MyDeathSpace is a website that was founded to record the deaths of MySpace users.

Patterson stated that he intends to donate money from advertising to the National Institute of Mental Health and Mothers Against Drunk Driving.

== History ==
The site was founded by Mike Patterson, a paralegal who got the idea after reading an article about the murder of Alexa and Tessa Richards who were murdered along with their mother, Nichole Richards by their father Anthony Richards on 17 August 2005. Following their deaths, he found their MySpace pages which gave him the idea to build a web site to catalog deceased MySpace users.

The site began as a message board in August/September 2005 tracking all MySpace users who had passed away.
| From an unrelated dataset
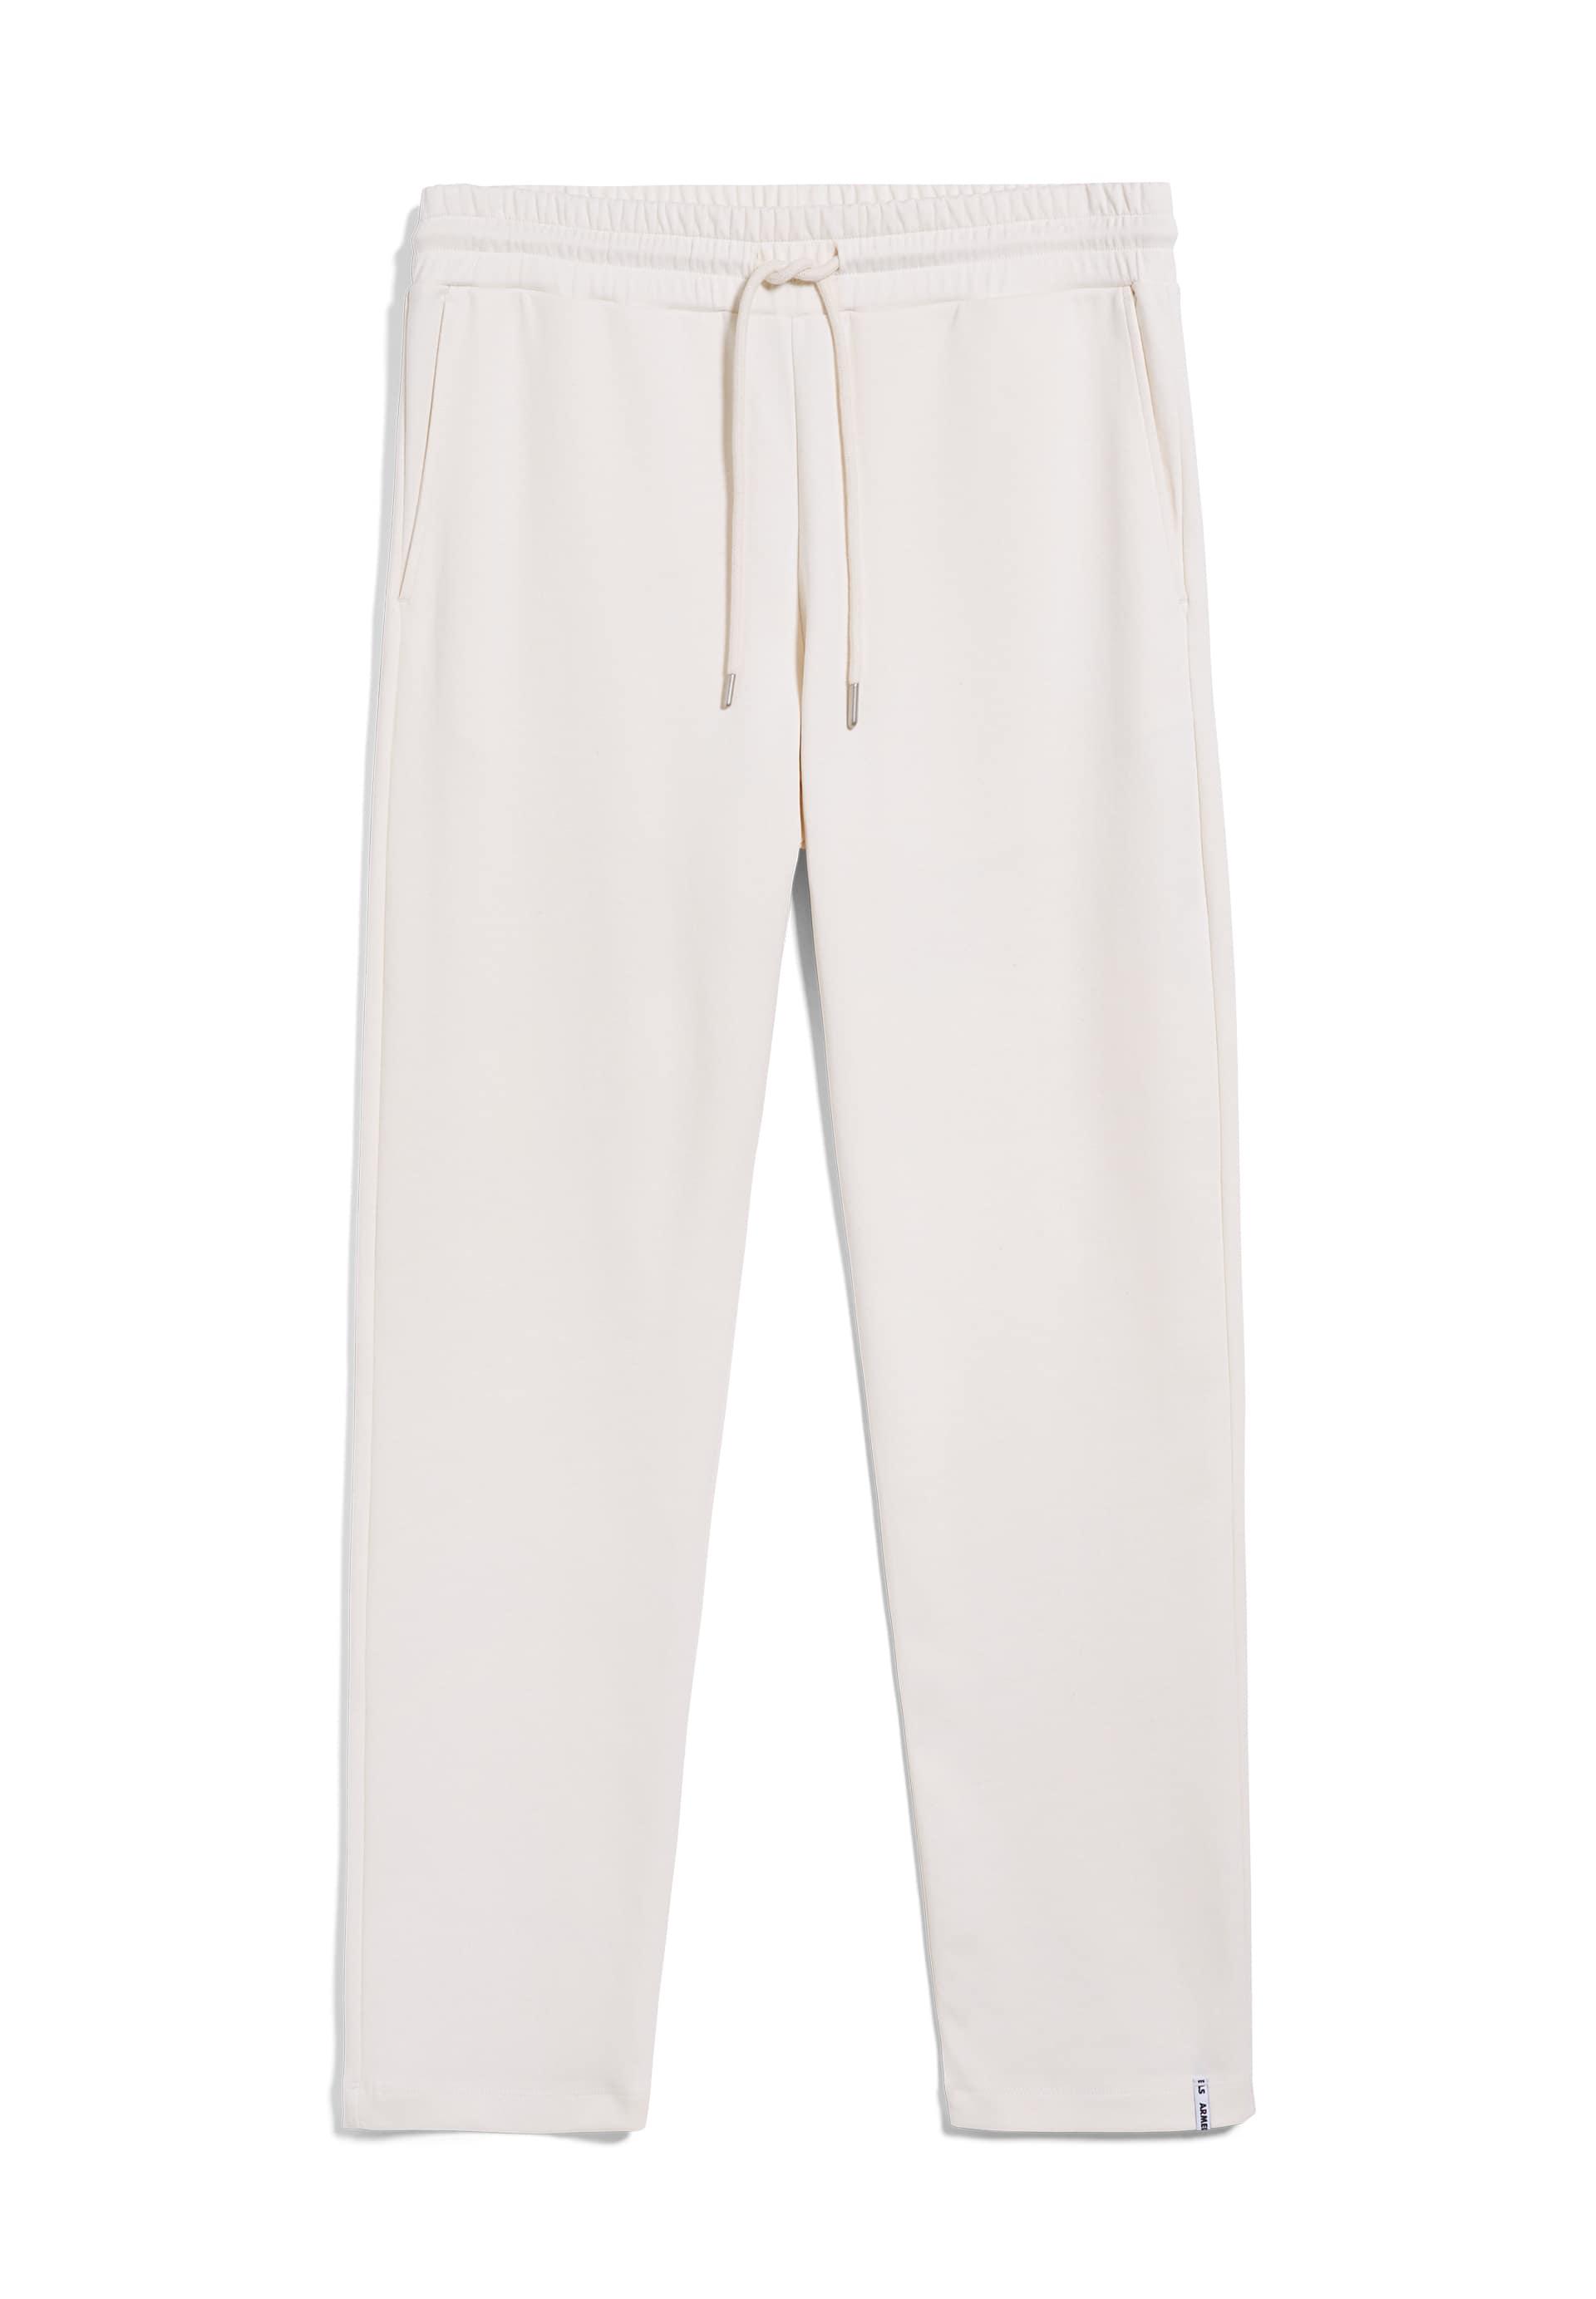 LUCAAI UNDYED Pantalon de survêtement en coton biologique

MyDeathSpace.com was launched in January 2006.

== Controversies ==
MyDeathSpace has been criticised by some of the relatives of the deceased who claim that it is a breach of privacy and has been accused of glorifying death on the other hand other relatives have expressed gratitude that the site exists. The site has also led witch hunts against people accused of committing crimes. In one instance, a woman who shared the same name as a girl who killed her baby by putting it in a freezer had her profile linked and received hateful comments including death threats.

== See also ==
- Death and the Internet
- Find a Grave
- Legacy.com
- RIP.ie

== Sources ==
- Carroll, Brian (2010). "Logging On and Letting Out: Using Online Social Networks to Grieve and to Mourn"
- Giaxoglou, Korina (2019). "Sharing Small Stories of Life and Death Online: Death-writing of the Moment"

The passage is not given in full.